Town Hall Hours
Most of us have been playing close attention to the Commonwealth’s budget crisis. As a result of reduced income, the legislature is considering the use of legalized gambling to offset and increase our state’s revenue. Based on what other states are doing with gaming revenues, it appears to be a “sure thing.” Unfortunately, there are some downsides to this issue. A certain segment of the population can, and based on past experience, will become addicted to gambling, creating social problems. There may also be a reduction in funds earned by the State Lottery Commission as people seek out other types of gambling and play fewer lottery games, thereby reducing income to cities and towns.
The Norfolk County Anti-Crime Council on the impact of gambling recently held a seminar. The presenters were Christine Rielly, the Executive Director of Research on Gambling for Harvard Medical School and Father Richard McGowan of Boston College’s Carroll School of Management.

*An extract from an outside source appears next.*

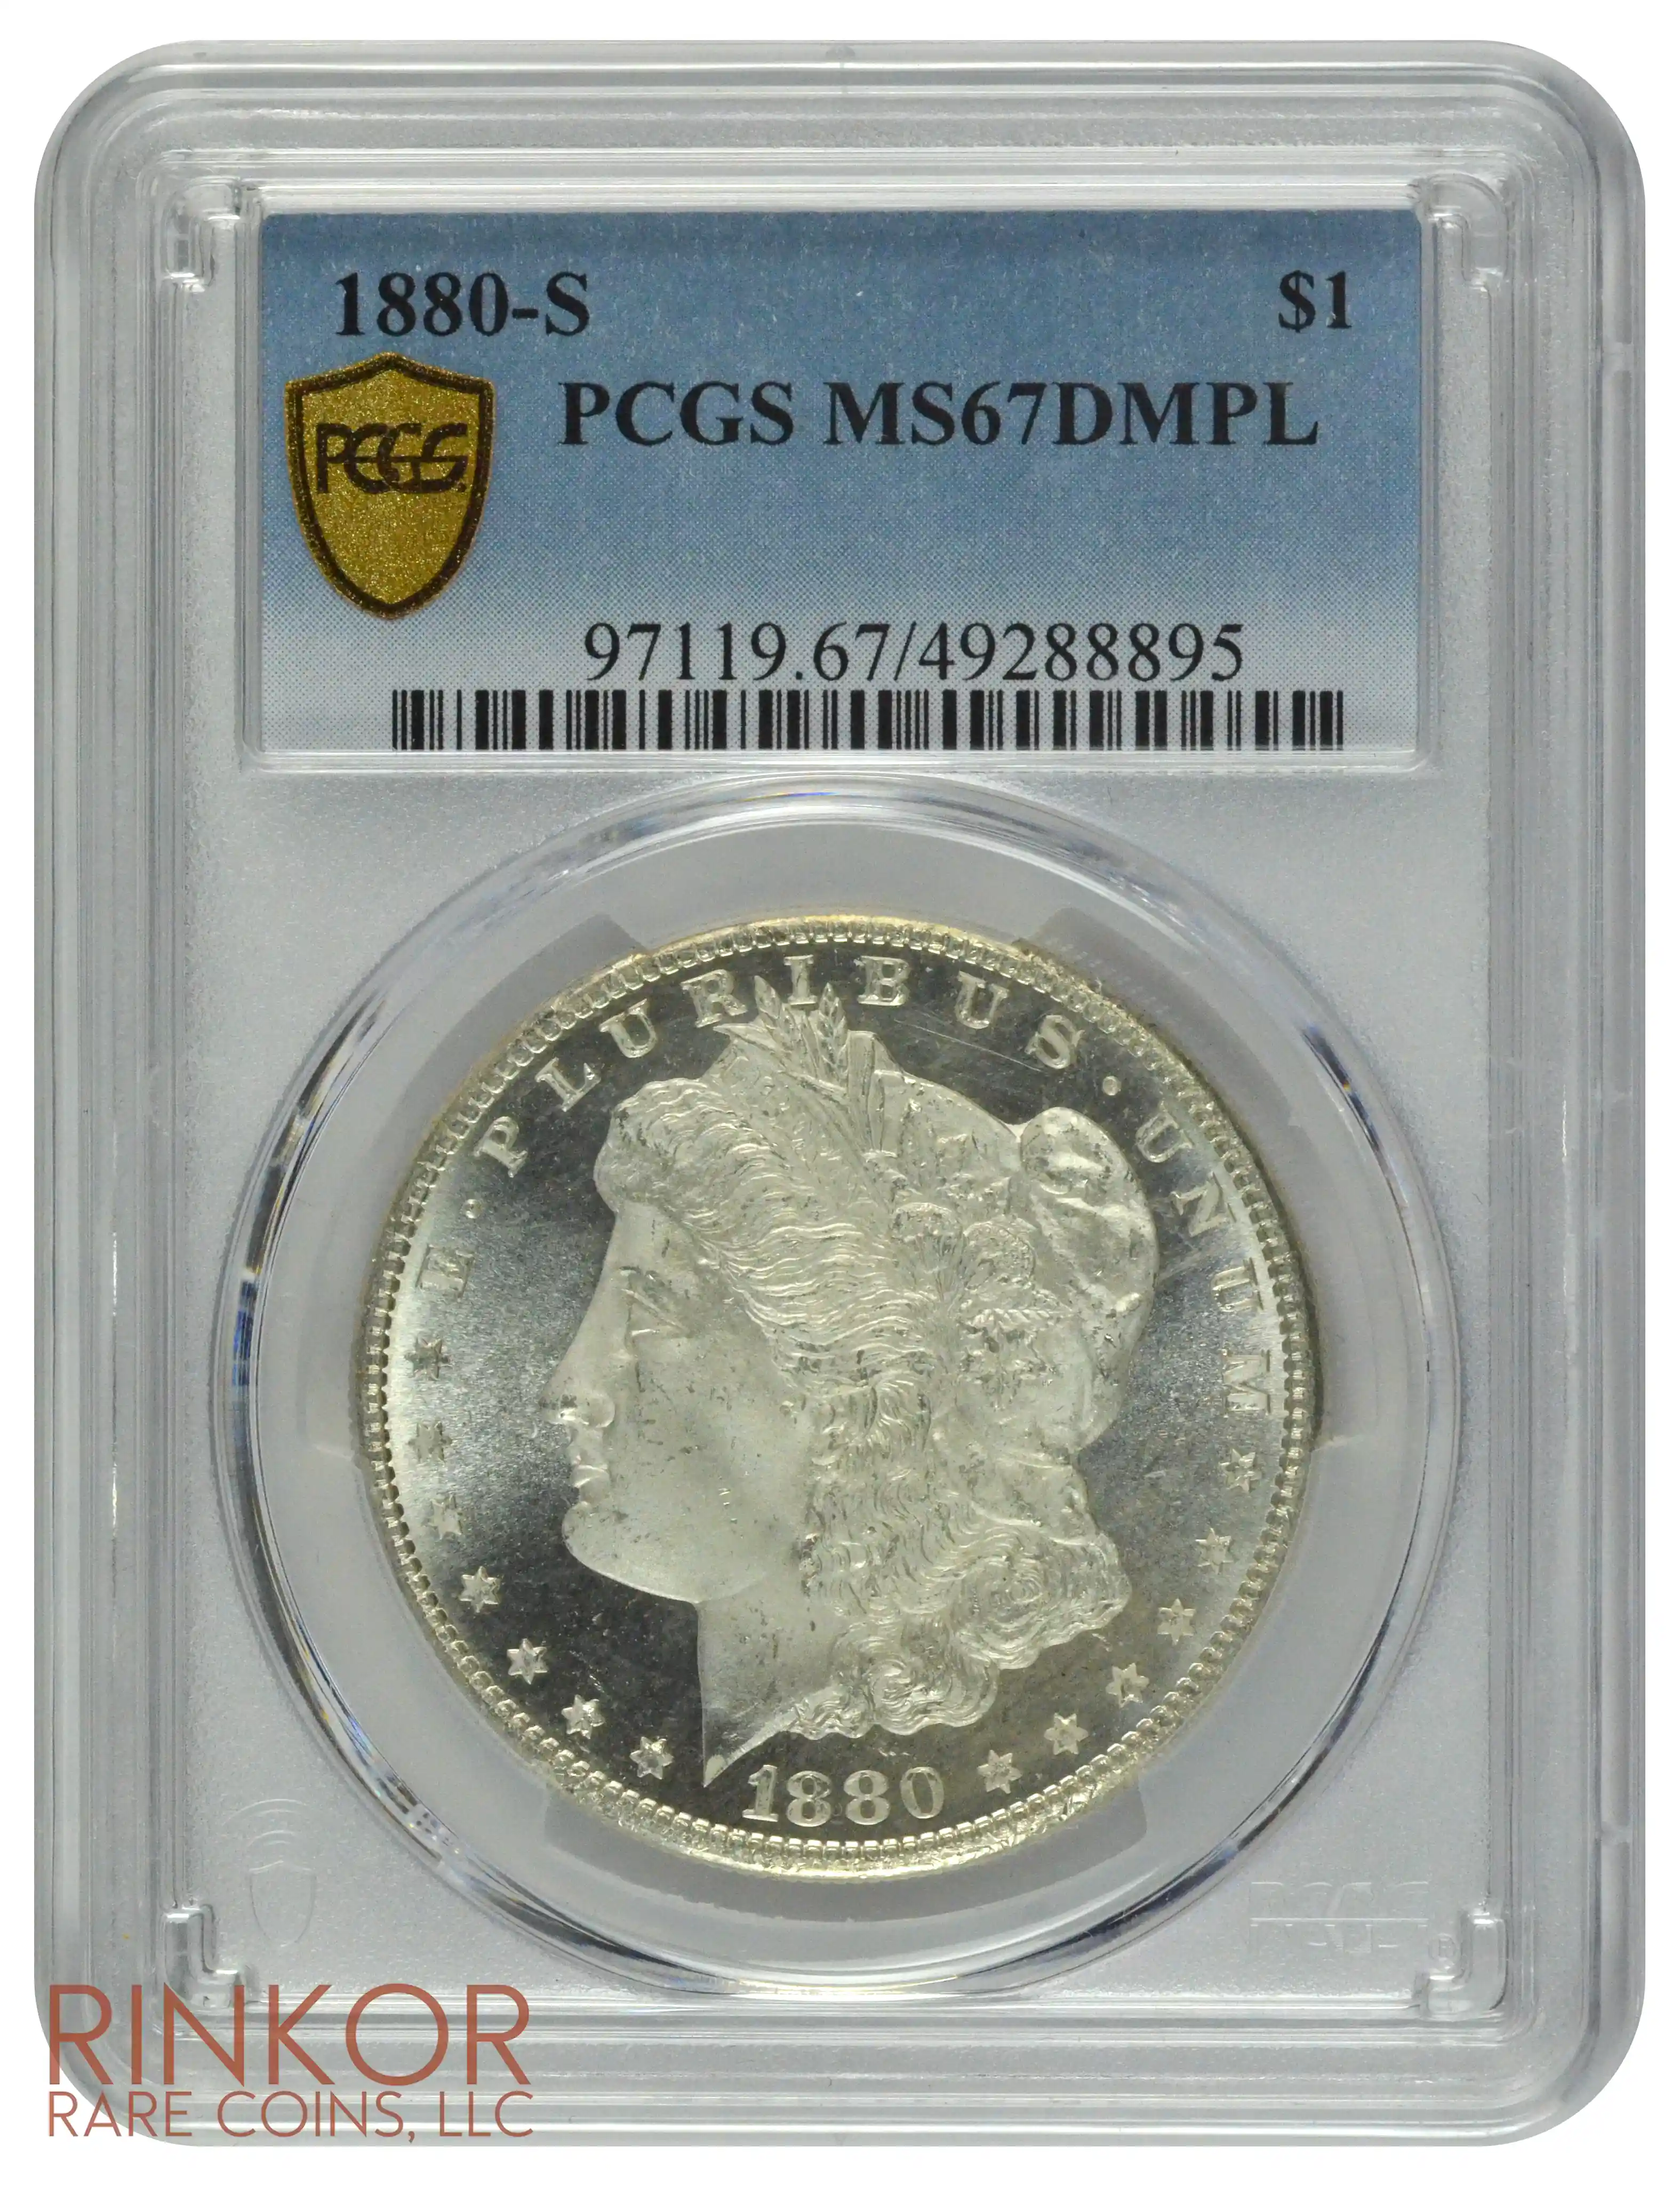 1880-S $1 PCGS MS 67 DMPL

Ms. Reilly spoke in detail about research that has been done across the nation on the impact gambling has, and in particular, the potential impact.

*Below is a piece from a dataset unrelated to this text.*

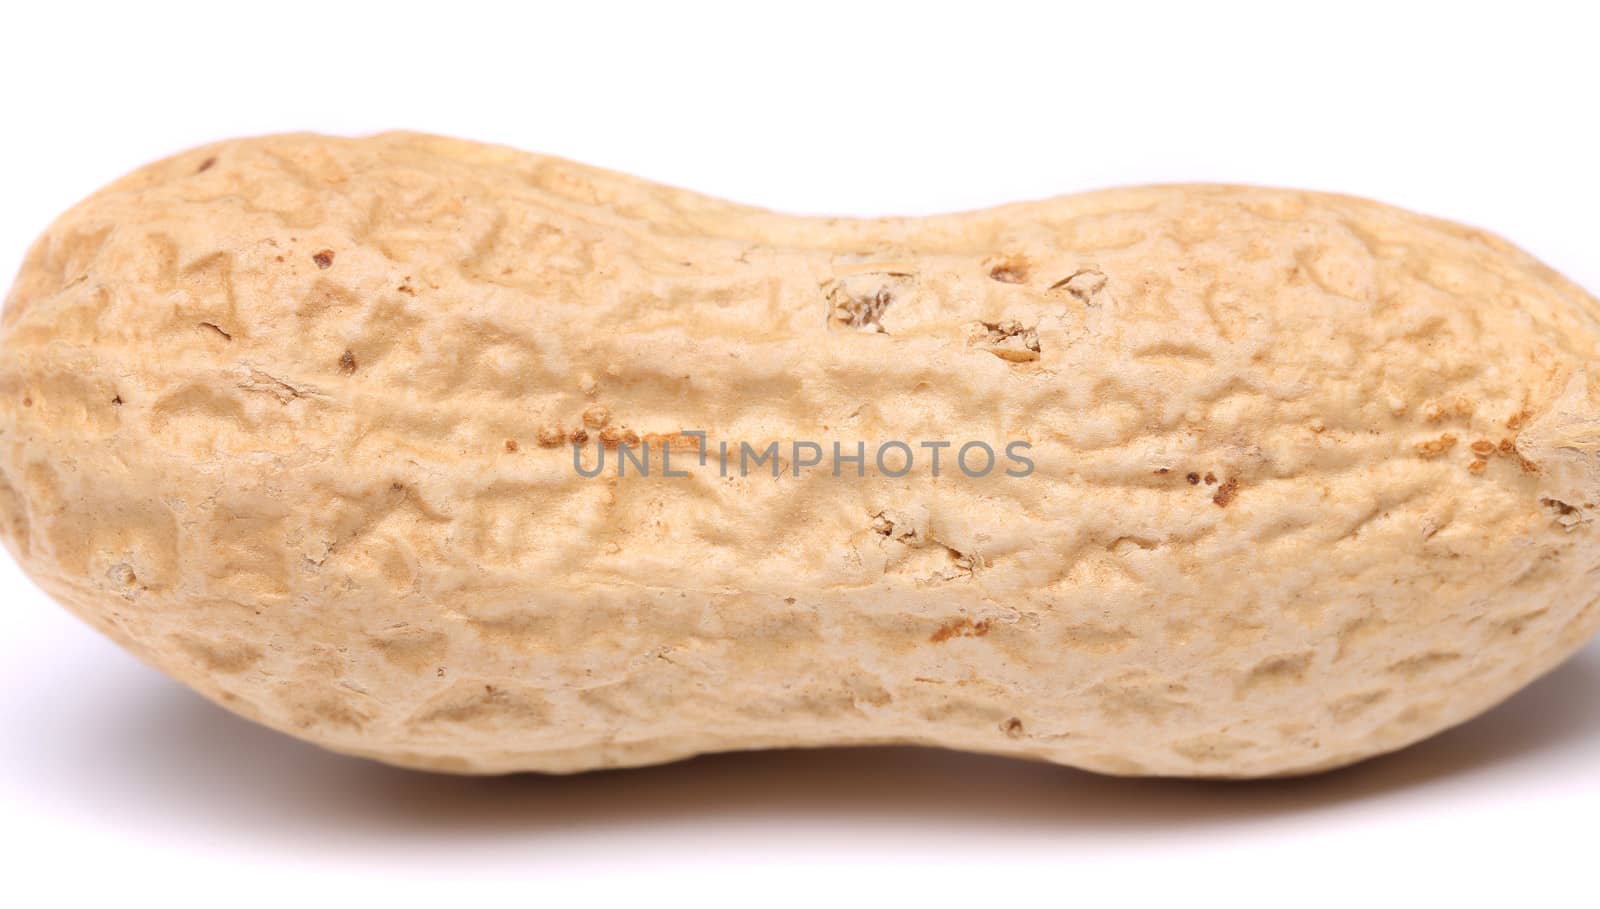 A light pod of peanuts by indigolotos

Gambling opportunities for Massachusetts residents have increased significantly during the past ten years with the introduction of more lotto and instant games with multi-million-dollar prizes; land-based casinos in the border state of Connecticut and floating casinos based in certain Massachusetts coastal communities; an increase in the number of simulcast races at racetracks; more sporting events on cable TV; greater media attention to the stock market due to recent numerous and pronounced fluctuations; and easy accessibility to Internet gambling – especially day trading – from home, office or school.
Increased availability of gambling increases the number of individual cases of problem and compulsive gambling. Current estimates show that between 205,000 and 310,000 Massachusetts residents have experienced gambling problems. Between 66,000 and 90,000 adults have gambled compulsively.

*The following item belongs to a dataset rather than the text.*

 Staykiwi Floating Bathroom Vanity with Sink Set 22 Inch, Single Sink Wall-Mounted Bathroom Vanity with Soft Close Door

The common stereotype of a problem gambler has been that of a white male in his 40’s or 50’s. Today we know that both sexes, of all ages and nationalities, always have had gambling problems. In 1991, it was estimated that one-third of all those with a gambling disorder were female. However, in areas of the country with a strong lottery or casino presence, indications were that the ratio between female and male problem gamblers is balancing out. Research shows that women tend to develop gambling problems later in life than men. Although the gambling careers of females tend to be shorter, the consequences of female problem or compulsive gambling are as devastating for women as they are for men. Despite the narrowing of the gambling gender gap, women currently represent ten to twenty percent of those in problem gambling treatment.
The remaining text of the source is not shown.